One site that was of particular interest was indiancountrytoday.com. Here you will find information from the American Native tribes whose ancestors that were present at the first Thanksgiving 400 years ago in 1621.
Here is a snippet to peek any interest:
When you hear about the Pilgrims and “the Indians” harmoniously sharing the “first Thanksgiving” meal in 1621, the Indians referred to so generically are the ancestors of the contemporary members of the Wampanoag Nation. As the story commonly goes, the Pilgrims who sailed from England on the Mayflower and landed at what became Plymouth, Massachusetts, in 1620 had a good harvest the next year. So Plymouth Gov. William Bradford organized a feast to celebrate the harvest and invited a group of “Native American allies, including the Wampanoag chief Massasoit” to the party. The feast lasted three days and, according to chronicler Edward Winslow, Bradford sent four men on a “fowling mission” to prepare for the feast and the Wampanoag guests brought five deer to the party.
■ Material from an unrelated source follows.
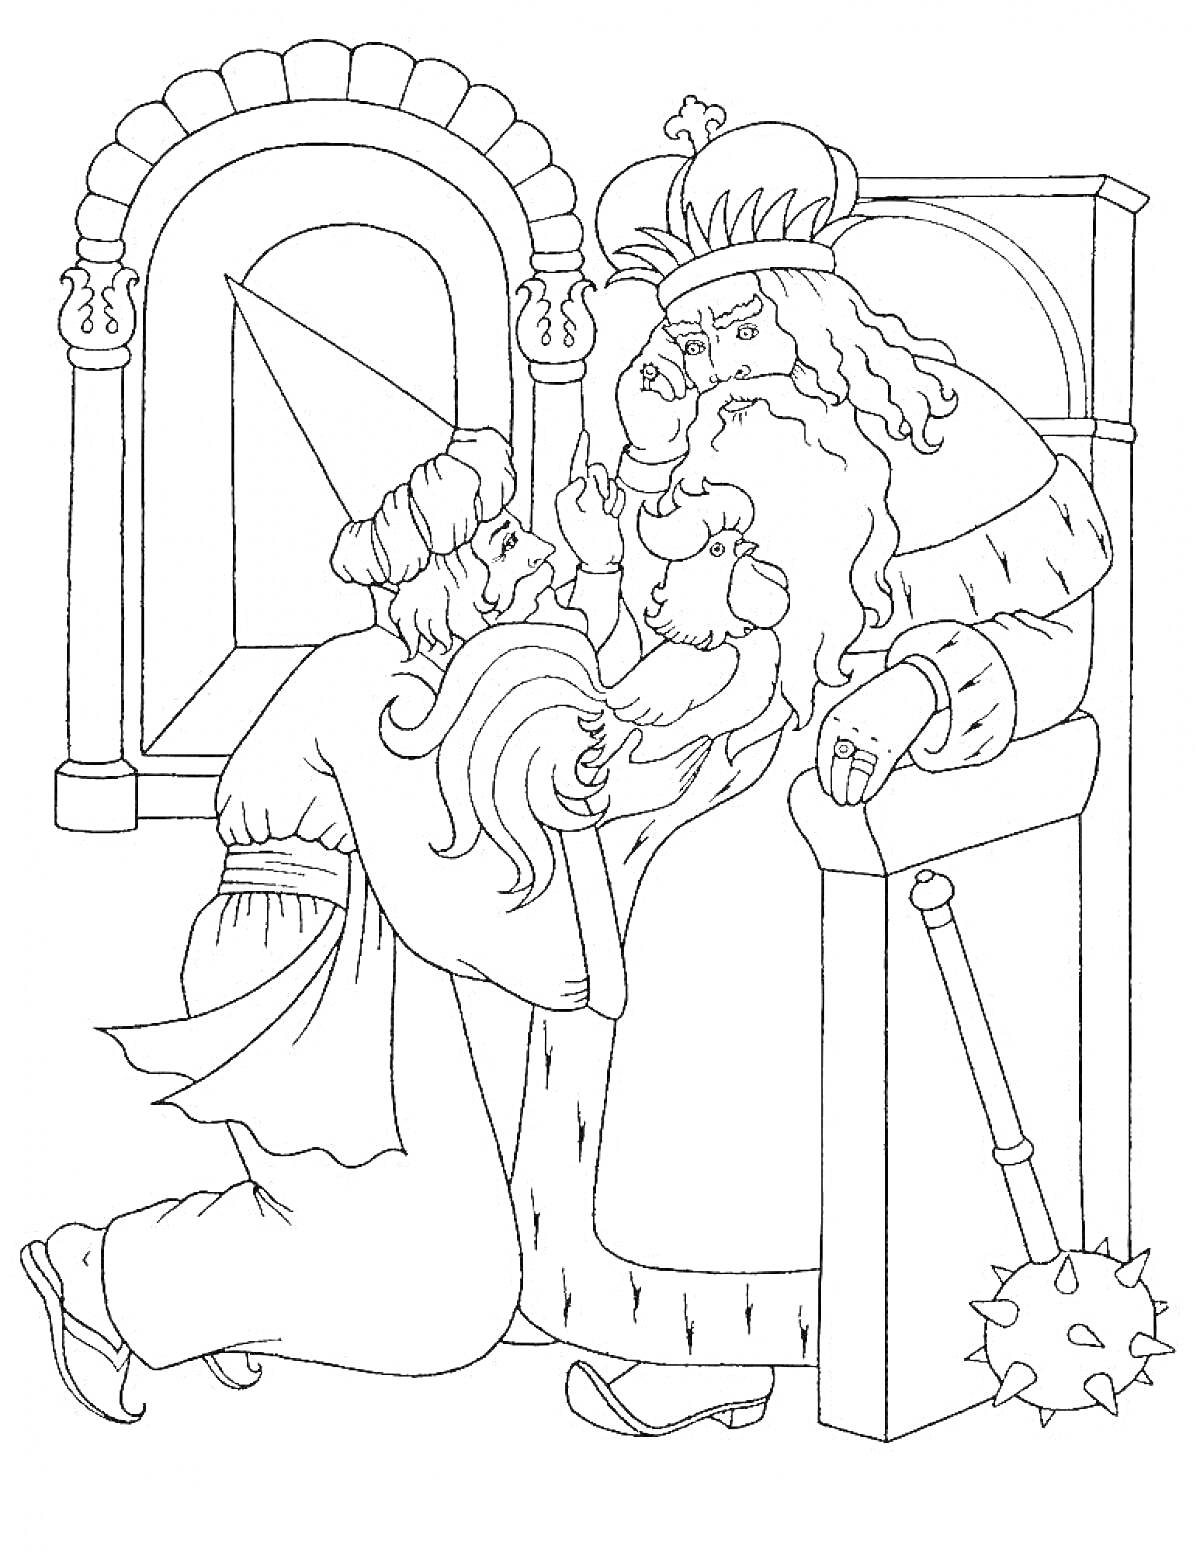 Раскраска Царь на троне с золотым петушком и волхв, стоящий на коленях

And ever since then, the story goes, Americans have celebrated Thanksgiving on the fourth Thursday of November. “Not exactly,” Ramona Peters, the Mashpee Wampanoag Tribe’s Tribal Historic Preservation Officer told Indian Country Today Media Network in a conversation on the day before Thanksgiving 2012—391 years since that mythological “first Thanksgiving.”
Thanksgiving has certainly changed over the last 400 years, but, it is cherished no matter how it is celebrated. It’s part of our history.